Authoritative and Clear

“I wish I could read the Bible, but I just don’t know how.”

“The Bible is such a difficult book to understand. I just don’t know what it means.”

“It’s such a big book that I don’t know where to start, and I’ll never learn it all.”

I’ve heard many different variations of this, and I don’t think they’re excuses for laziness. They come from people who want to read and understand the Bible, but they’re intimidated. They’ve been given the impression that the Bible is a book reserved for the clergy, or at least the highly educated. But it’s not true. Sure, there are parts that puzzle all of us, but most of it is really quite easy to understand. So if you’re still looking for a New Year’s resolution, make it to read the Bible this year. Or if that’s too big of a task, make it to read the New Testament. It will take some work, but it if you can read this article, you can read the Bible.

Most of the Bible is really quite straightforward. Most of it is simple to understand. The first step in interpreting the Bible is simply to ask, “What does it say?” Because what it says is what it means. Understand that some parts are poetic and metaphorical, but most of it is simply historical. For example, when it says, “In the beginning, God created the heavens and the earth” (Gen. 1:1), what does that mean? It means that in the beginning, God created the heavens and the earth. It means what it says. When you read through the historical parts of the Bible, don’t look for the meaning behind the text. The text is the meaning. Reading the Bible is just like reading any other book. When you read the historical sections, read them as history. When you read the poetic sections, read them as poetry. When you read the letters (a.k.a., epistles), read them as letters. Know what kind of literature you are reading, and read it accordingly. And remember, it means what it says. You don’t have to get behind the text. God gave us his Word because he wants to be known. He’s not hiding behind the text.

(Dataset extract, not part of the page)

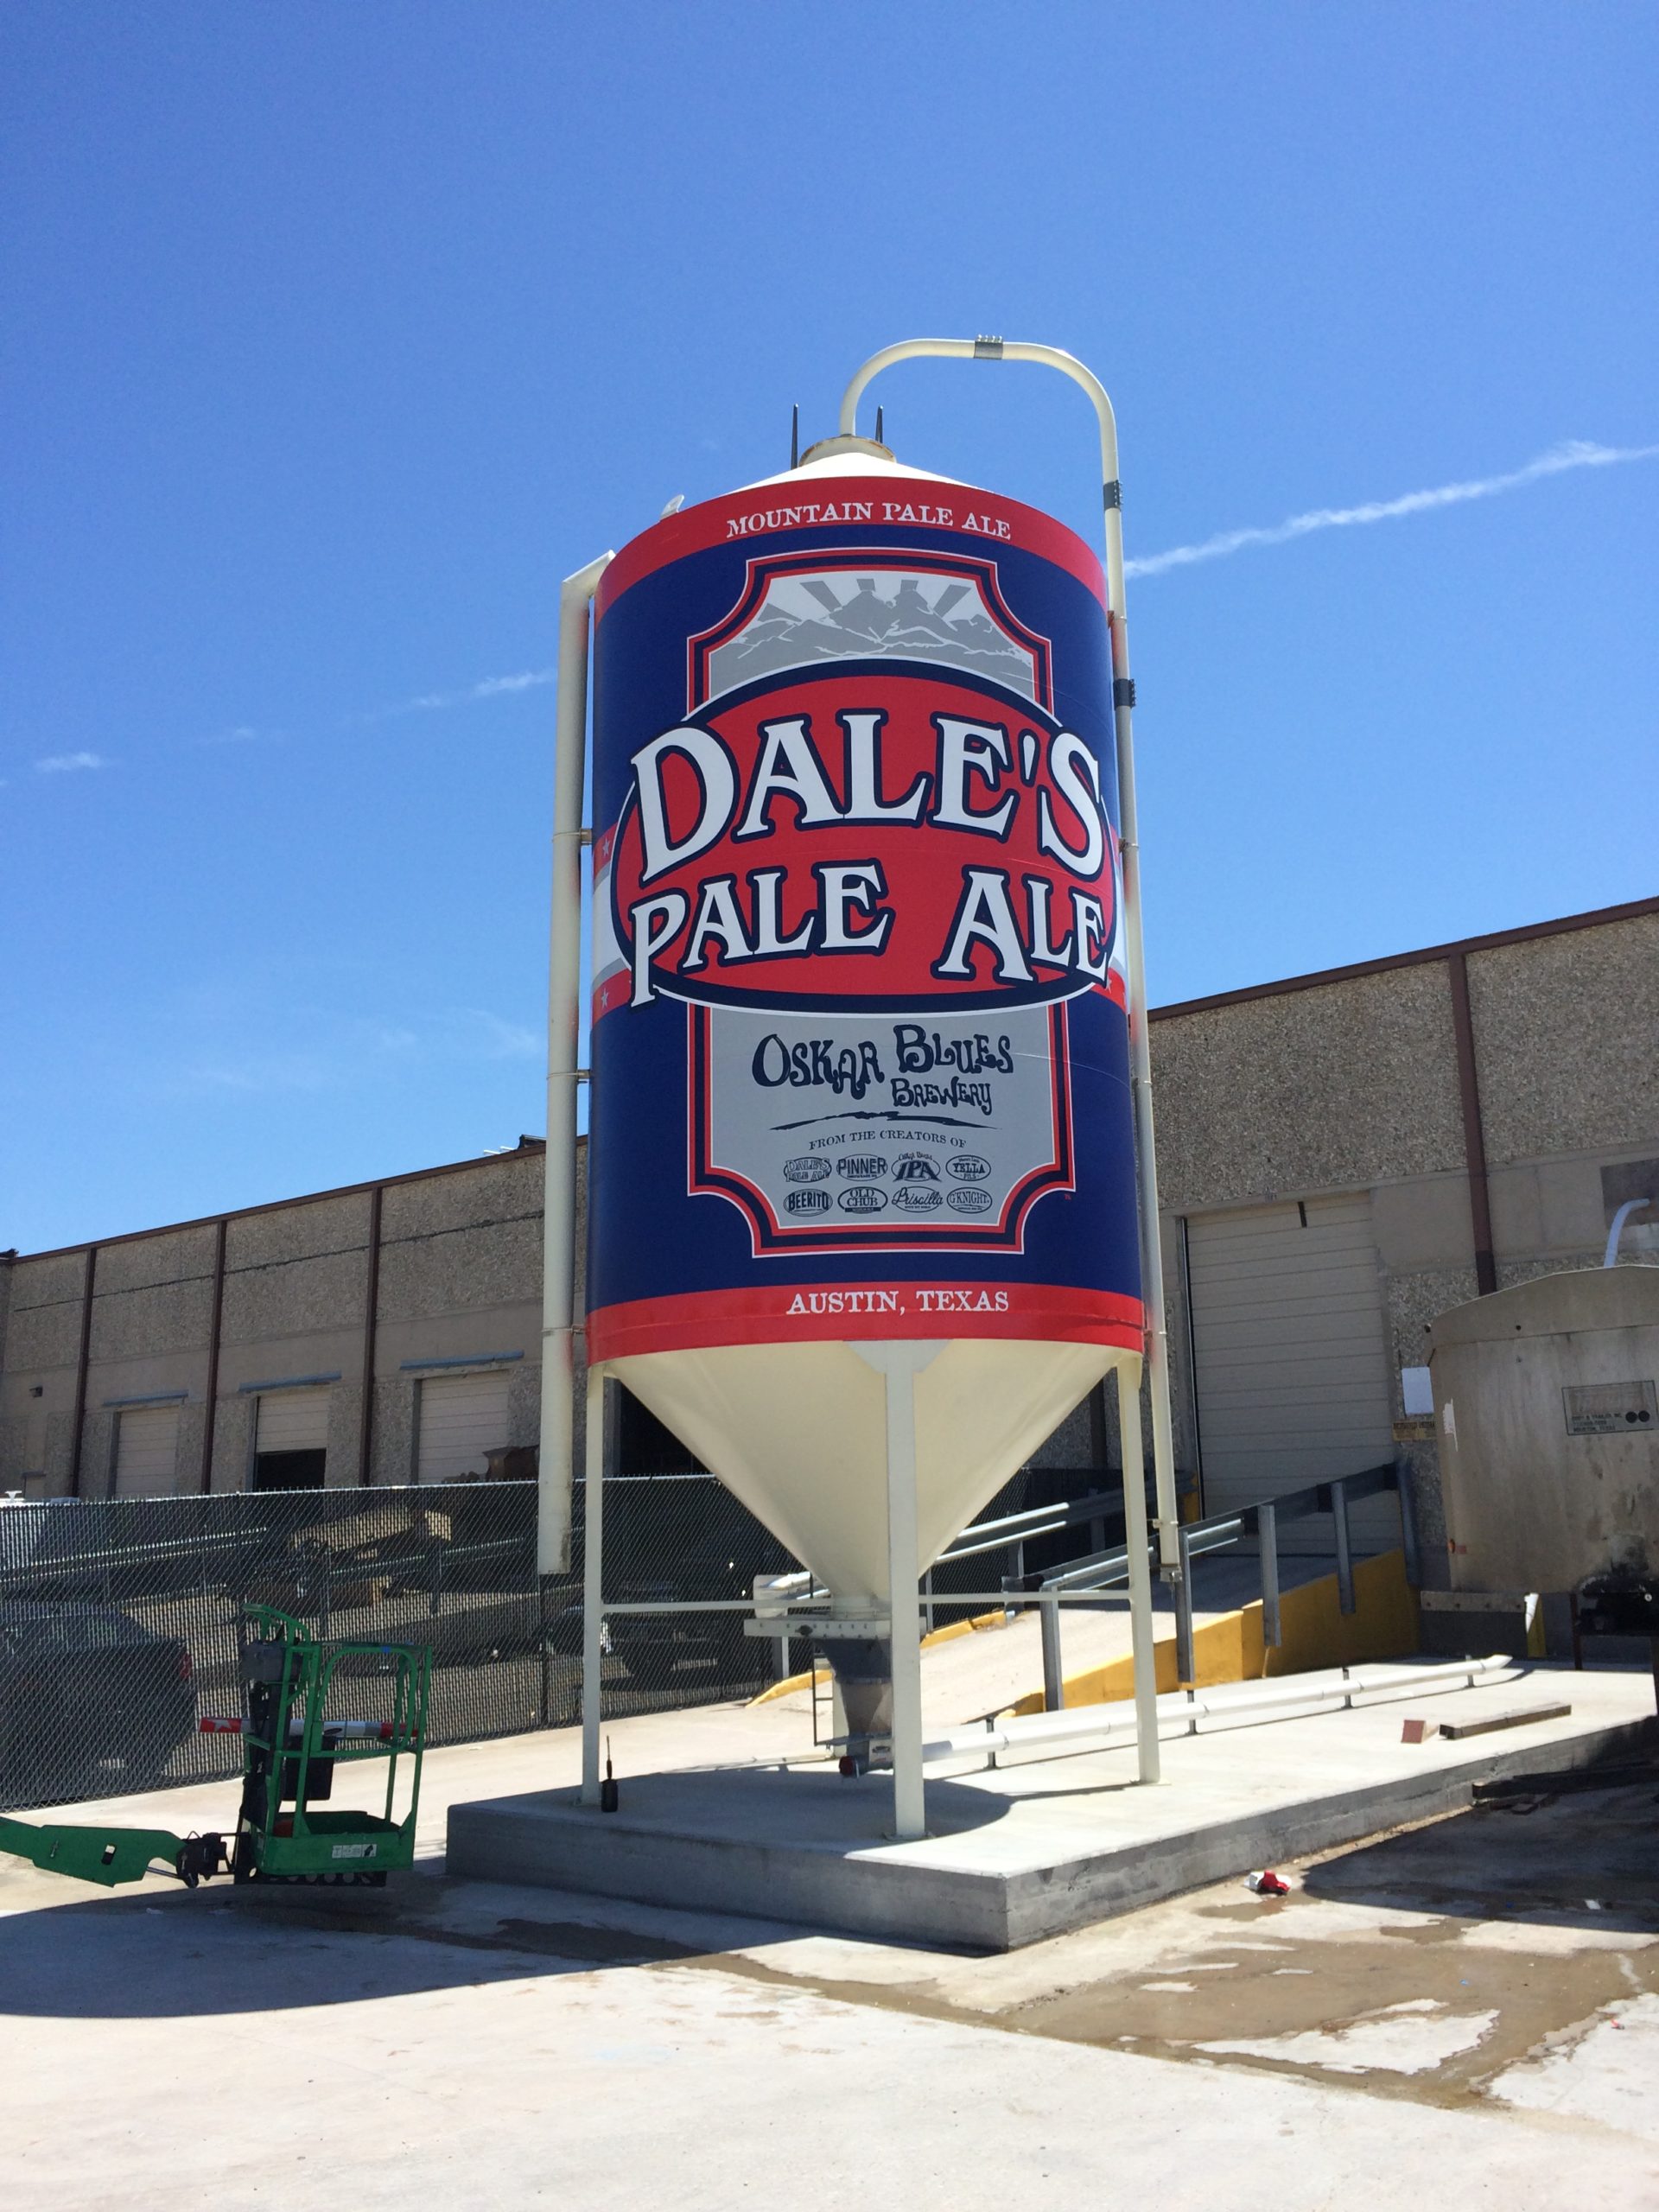 Dale's Pale Ale graphics

I recommend starting with historical narratives. If you want to read the Old Testament, start with Genesis. If you want to read the New Testament, start with Matthew or, if you’ve already read Matthew, start with any of the other gospels. This year many of the sermons will be from Mark (which is also the shortest of the gospels) so it might be helpful to start there. And just read the book straight through. In lectures or Bible studies, a leader might quote verse after verse from various different places, but nobody reads books that way. Nobody reads Oliver Twist by starting at page 143 and then going to pages 47, 200, 33, 1, 25 and 162, so don’t read the Bible that way. No wonder people get confused. Just take a book and read it. It’s that simple.

And as you read the Bible, let it do what books do. Let the Bible do its own character development. As you read it, the Author will teach you about its main character—God. You will learn of the Creator who loved his creation unconditionally, even to the extent that he sent his only Son to redeem it.

I’ll admit there are some challenges. Since the Bible is such a big book, it will help to keep the overarching story in mind, so try reciting the Apostles’ Creed before and maybe even after your reading. It will help you keep the big picture in view. And you are going to have questions. It’s bound to happen. So ask your pastor. He may not have all the answers (even if he likes to think he does), but he really likes talking about the Bible. It also helps to have a good study Bible, like The Lutheran Study Bible from Concordia Publishing House. You don’t have to read all the notes, but when you have a question, the answer is probably there for you.

The Bible is a book for you. It tells you of the God who created you, redeemed you, and will keep you in his grace during this life and the next. May you be blessed in your reading of it.